Problem description | Ignoring pictures, transcribe exactly the lines between the one containing "Otahi (alone) by" and the end of the material, both included.

Information shown |

"""

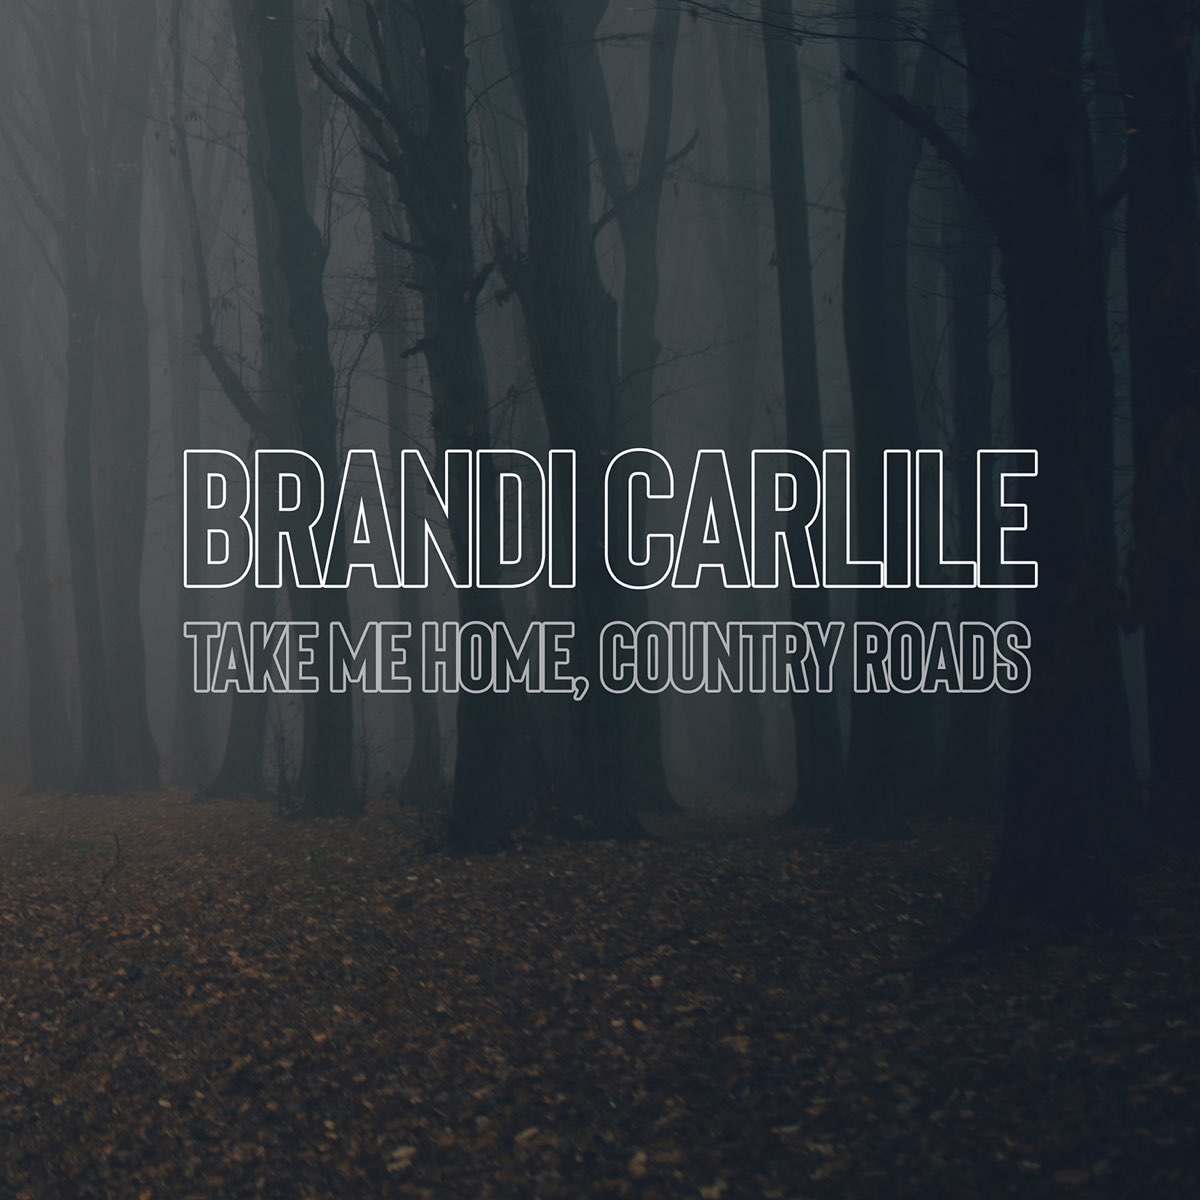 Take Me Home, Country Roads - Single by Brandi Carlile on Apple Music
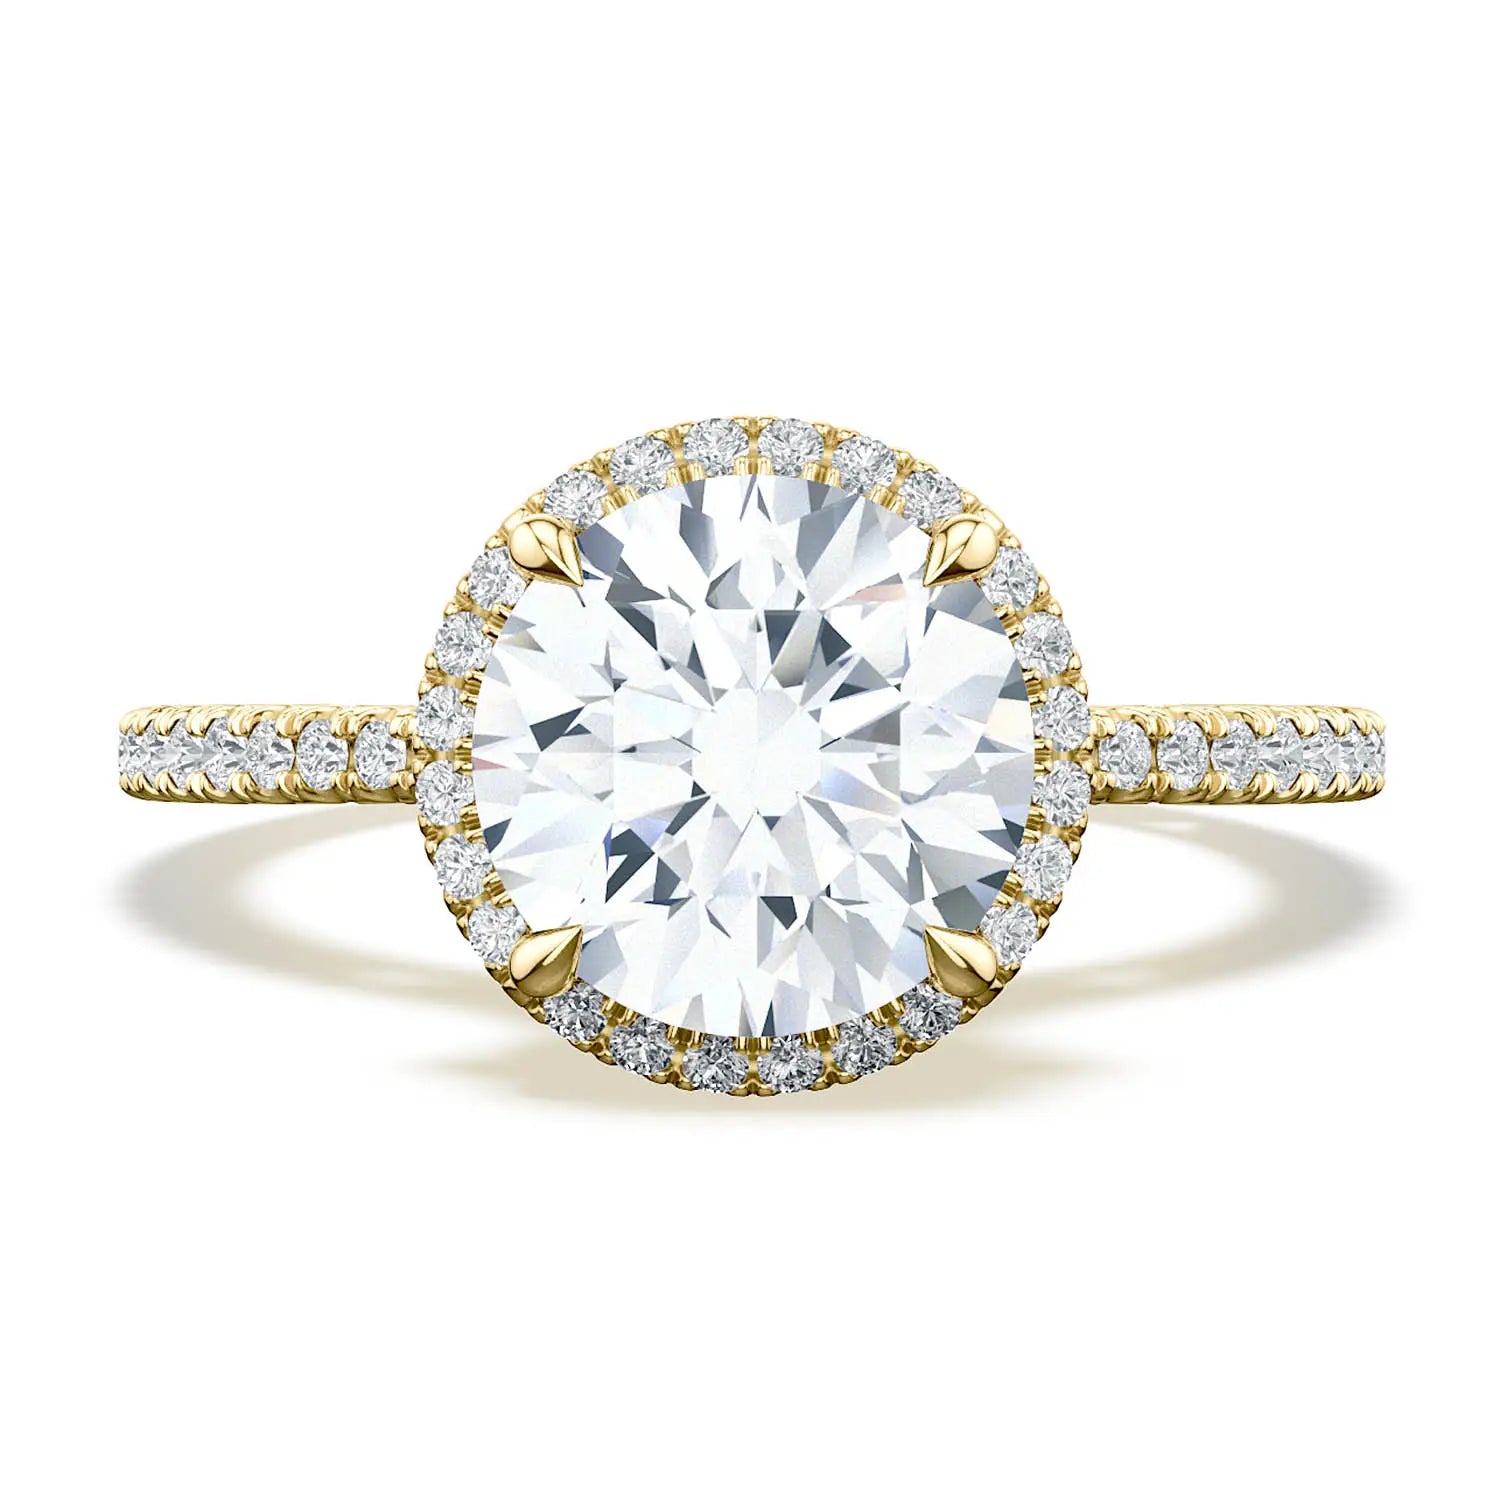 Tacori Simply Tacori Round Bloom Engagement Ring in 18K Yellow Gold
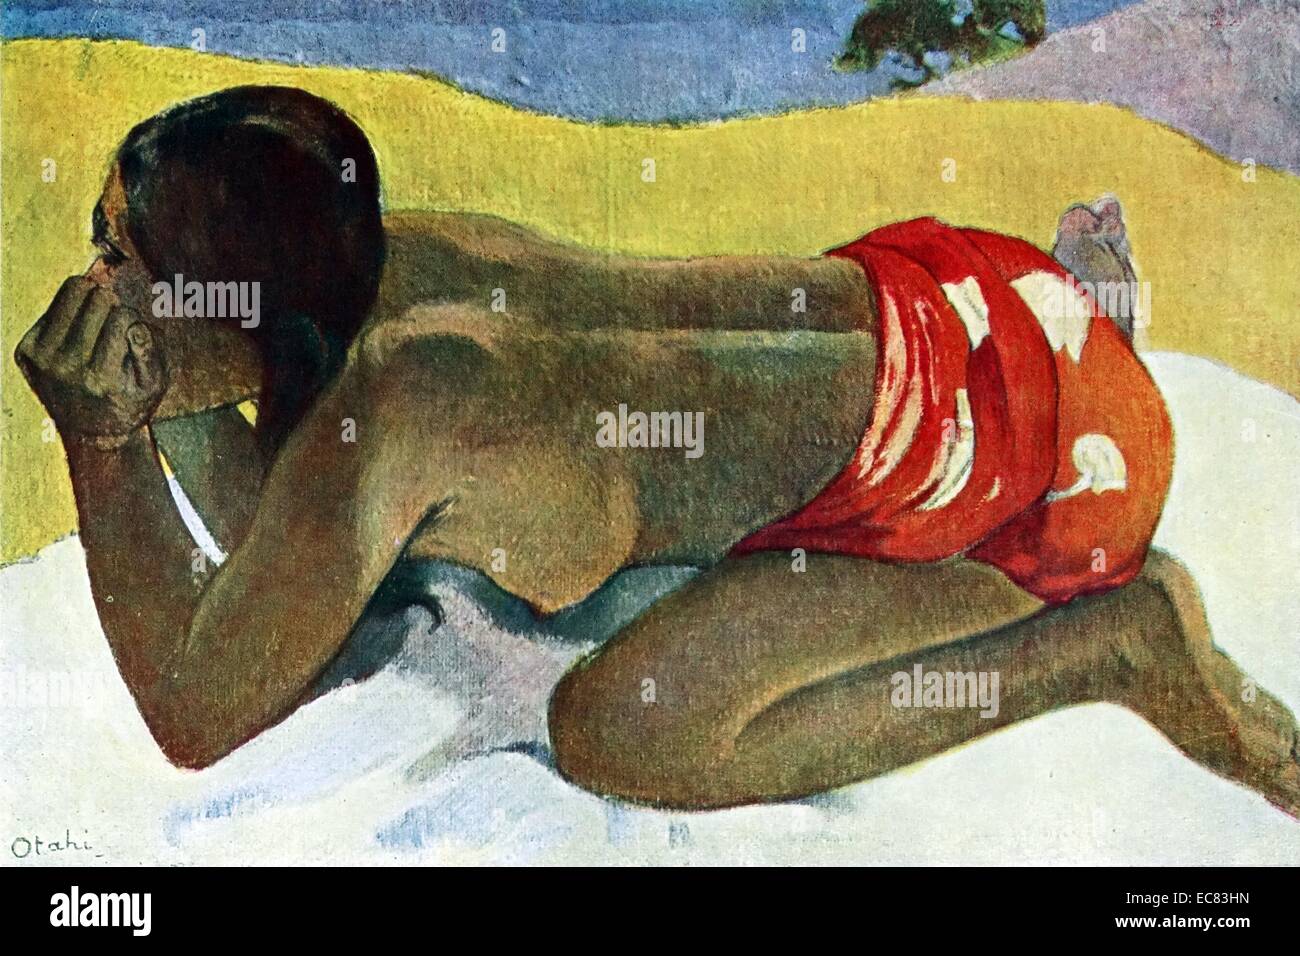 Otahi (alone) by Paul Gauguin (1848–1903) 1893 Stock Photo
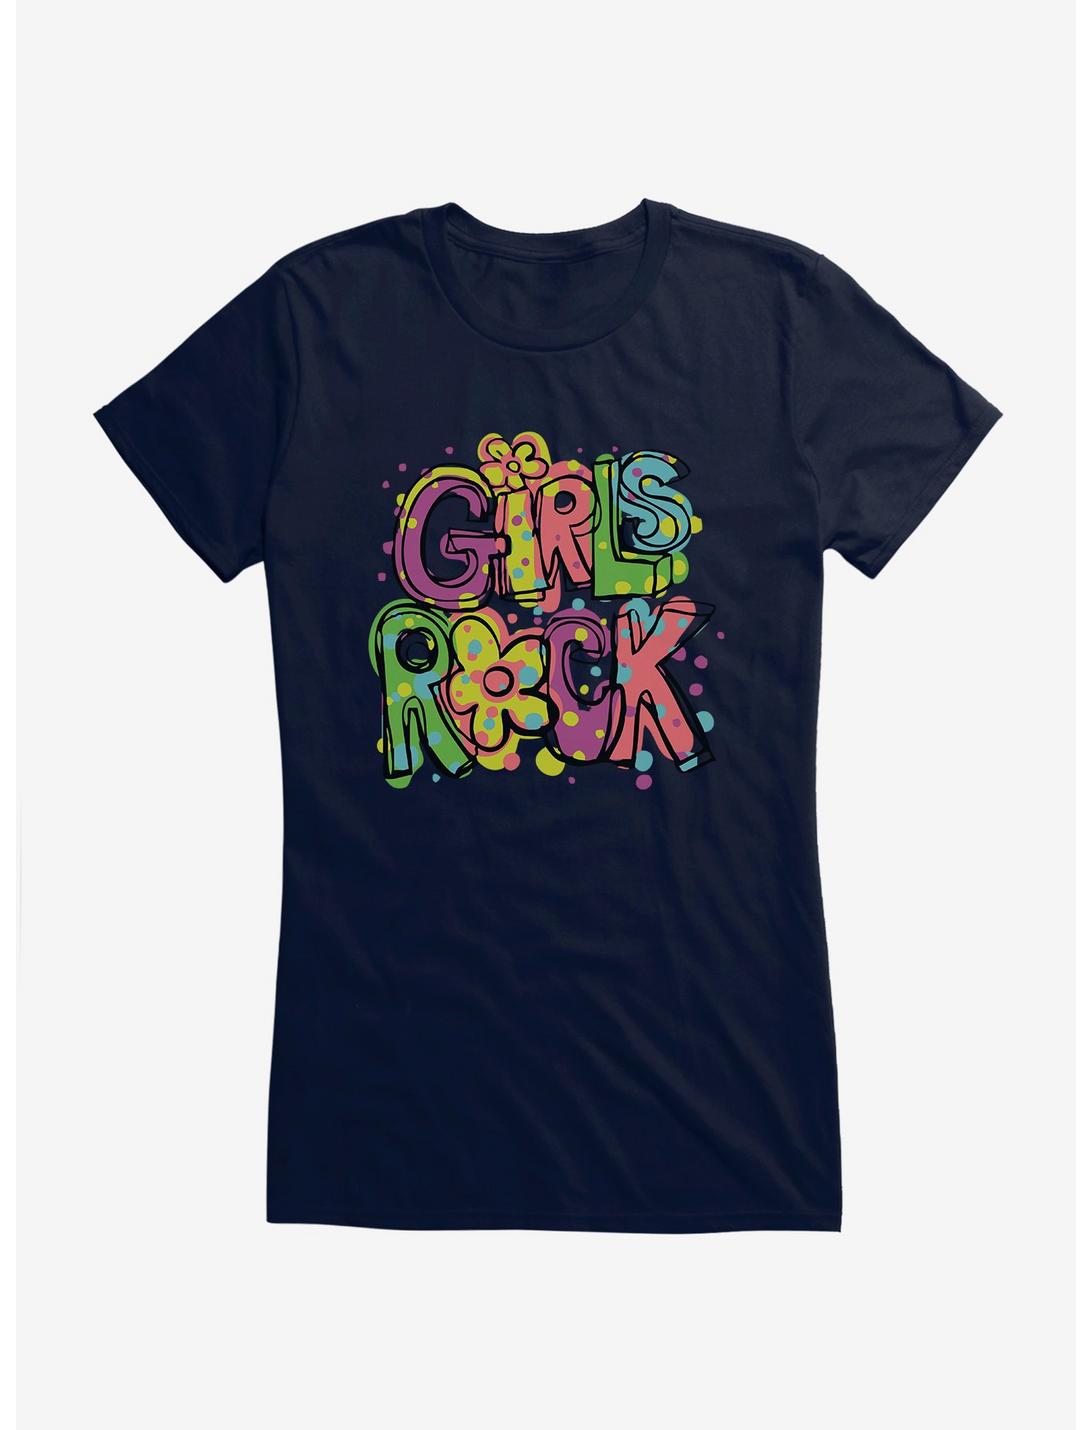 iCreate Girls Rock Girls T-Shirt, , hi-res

"""

Answer space |
 Otahi (alone) by Paul Gauguin (1848–1903) 1893 Stock Photo
 iCreate Girls Rock Girls T-Shirt, , hi-res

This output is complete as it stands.